With Polynomial Regression, we’re doing something similar to Linear Regression. We’re trying to find the polynomial of given degree that minimizes the squared error, except the degree of the polynomial can be set arbitrarily.

Pros

• Allows you to more easily understand polynomial relationships between your input and target data
• Low Variance (assuming low maximum degree)
• As long as the maximum degree of the polynomial you set is below ~3, you can expect consistent performance and outputs for not-too-small datasets
• Easy to train
• Generalizes to data outside the domain of the input data

Cons

• Moderate-to-High Bias
• For non-polynomial relationships, it’s still difficult for this model to internalize the nuances of the relationship
• Very easy to overfit
• Setting the maximum degree to more than 3 means you have at least 3 times as many features to train
• Sensitive to outliers
• Because points far from the prediction are penalized heavily, this picks up on outliers and considerably alters itself to compensate

Libraries

sklearn.linear_model.LinearRegression & sklearn.preprocessing.PolynomialFeatures

Resources

Documentation: sklearn.linear_model.LinearRegression — scikit-learn 0.23.1 documentation
sklearn.preprocessing.PolynomialFeatures — scikit-learn 0.23.1 documentation

Articles: Python | Implementation of Polynomial Regression
Machine Learning: Polynomial Regression with Python

Logistic [RC]

How It Works

Logistic regression takes in input data belonging to one of two classes and fits a logistic curve to maximize the probability of a correct prediction at any point.
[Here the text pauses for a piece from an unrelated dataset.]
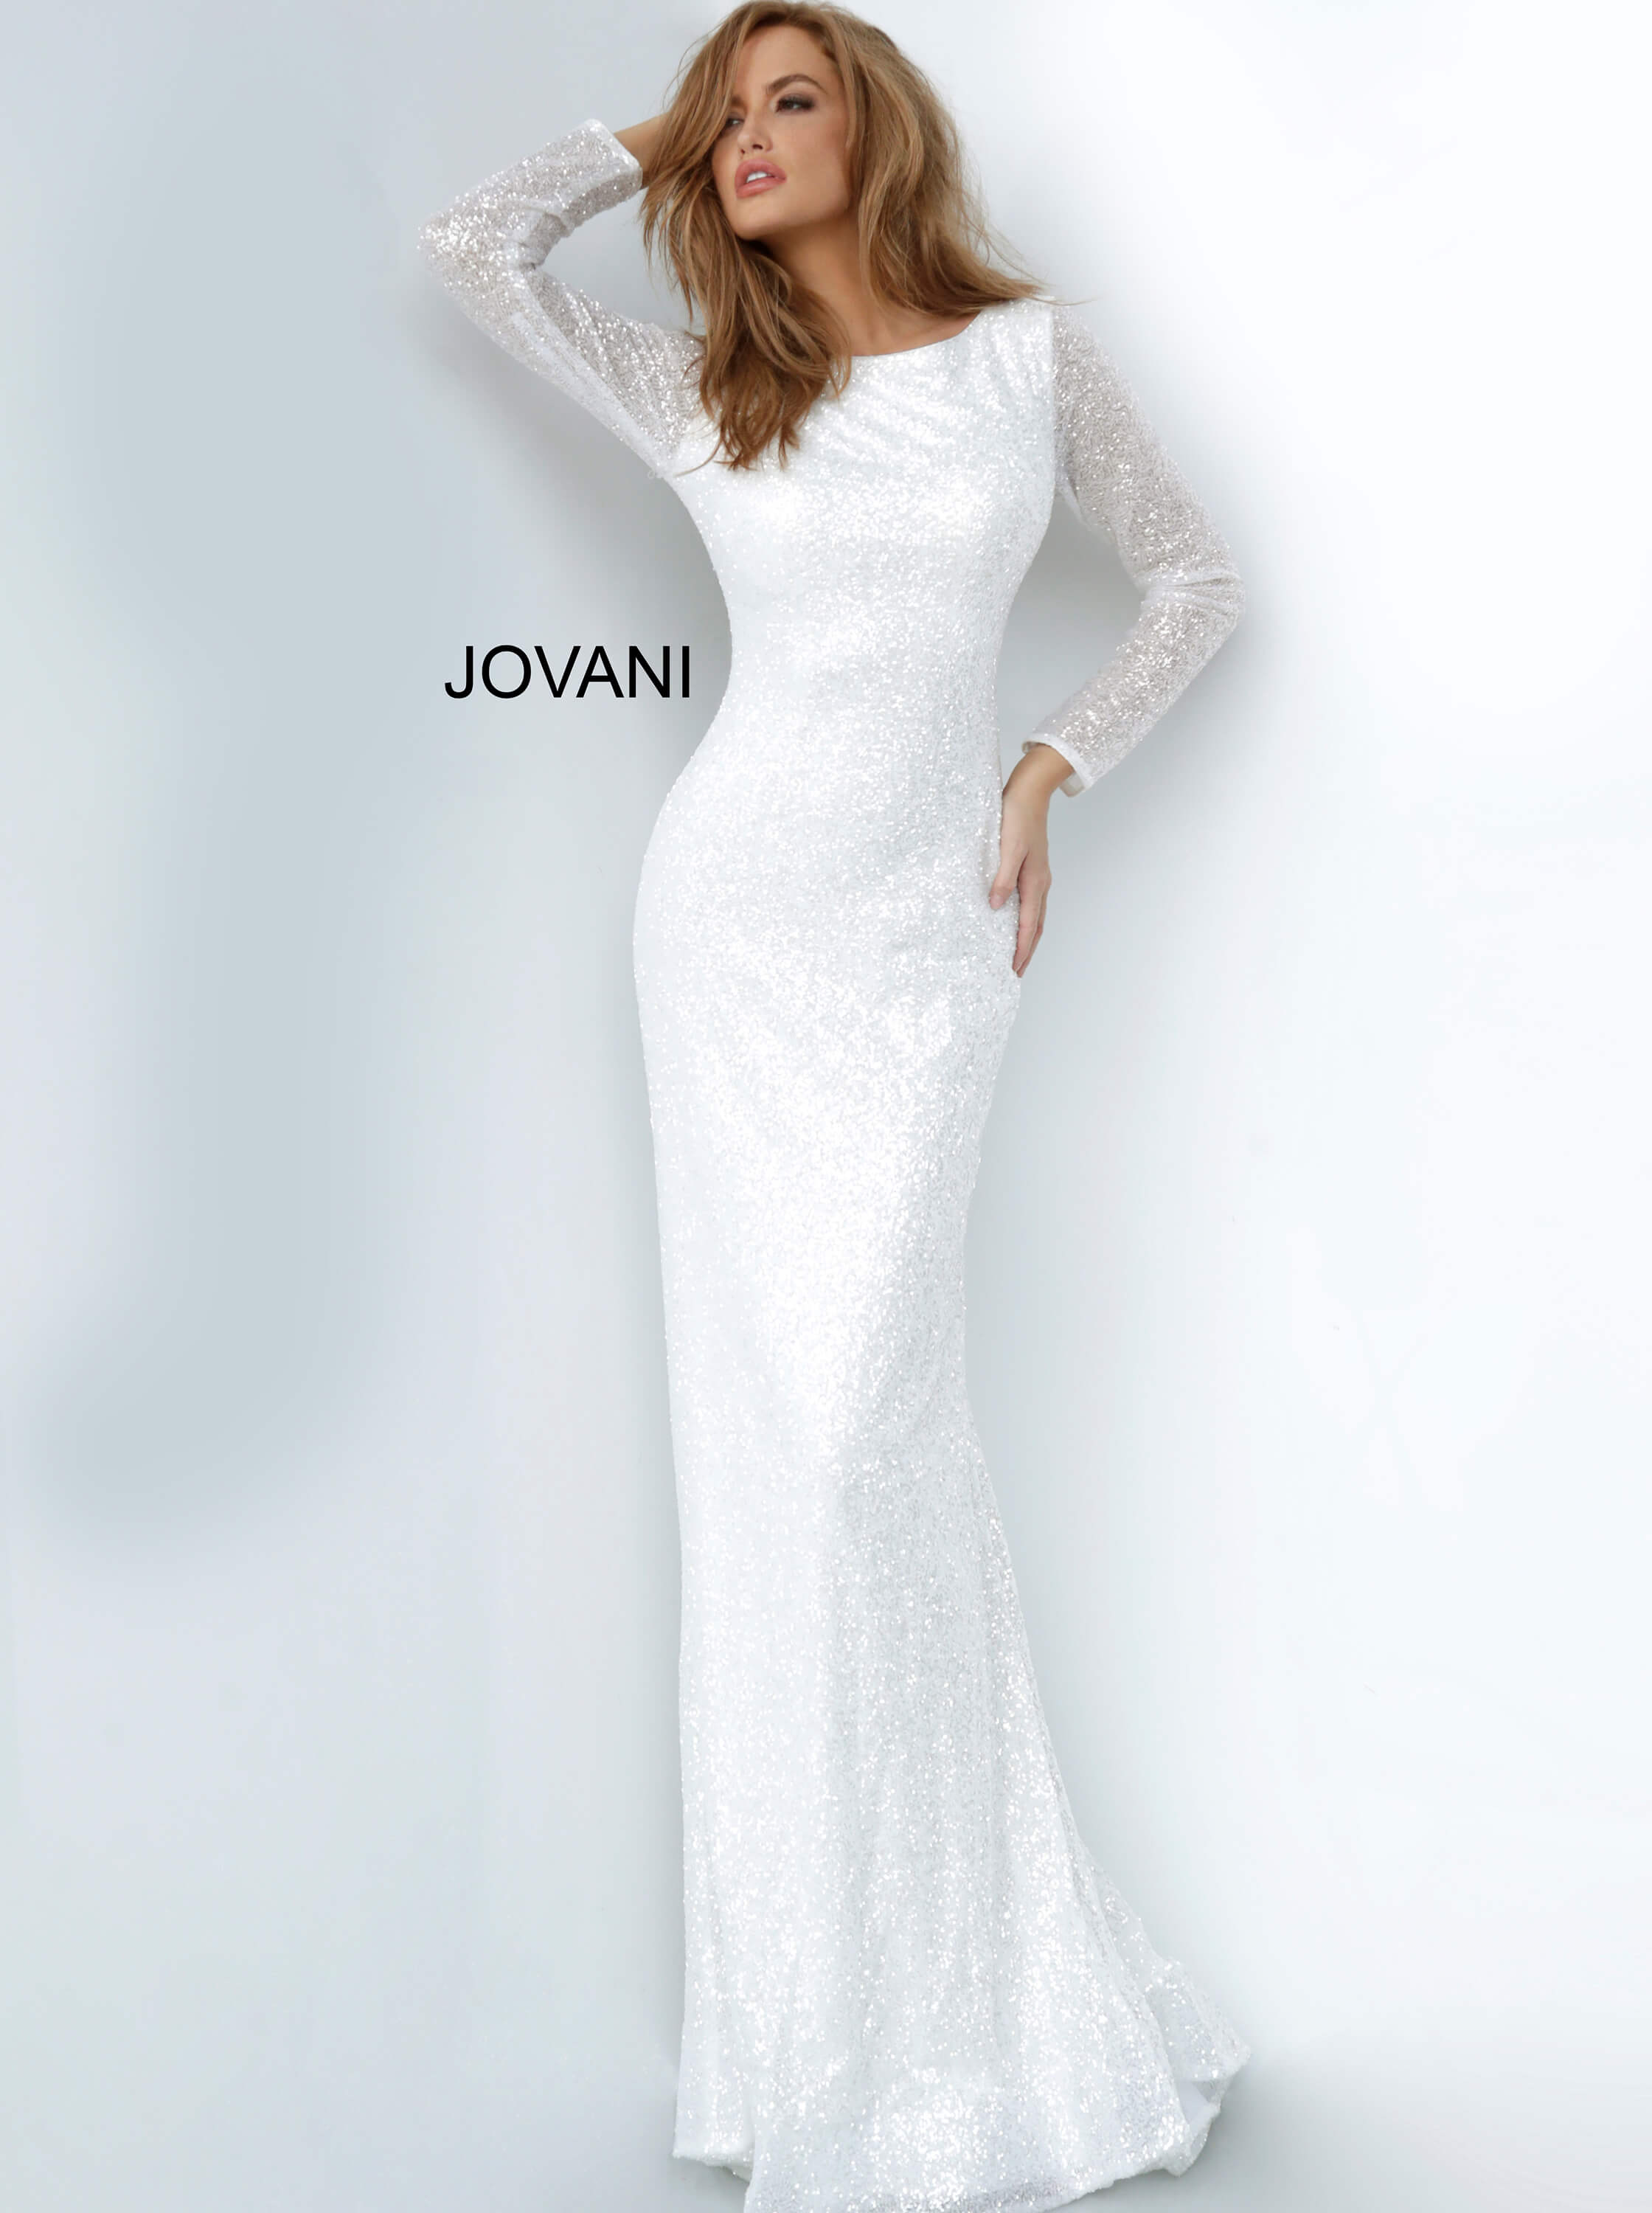 white long dress

Then, it outputs the probability that data is in one of the classes (and, because there are only two classes, you also get the probability that it’s not in the other class).

Pros

• Gives probabilities, not just classes
• This allows you to determine your own threshold depending on your own situation
• In medicine, a low threshold is used — if there’s even a 10% chance you have COVID, we want to know about that
• Modest Variance
• Pretty consistent model, not too affected by outliers
• Modest Bias
• Pretty good at being accurate so long as your data is close to linearly separable
• Will suck if your data overlaps a lot (meaning you have very similar or overlapping inputs but opposite outputs)
• Can be used for classification easily

Cons

• Struggles with many features
• Output space is restricted to input space
• You can’t predict things you weren’t explicitly prepared for
• Generally limited regression use-case
• Weak for non-linearly separable inputs
• Overall, dependent on a good starting point

Libraries

sklearn.linear_model.LogisticRegression

Resources

Documentation: sklearn.linear_model.LogisticRegression — scikit-learn 0.23.1 documentation

Articles: Building a Logistic Regression in Python
Logistic Regression vs Decision Trees vs SVM: Part II

kNN [RC]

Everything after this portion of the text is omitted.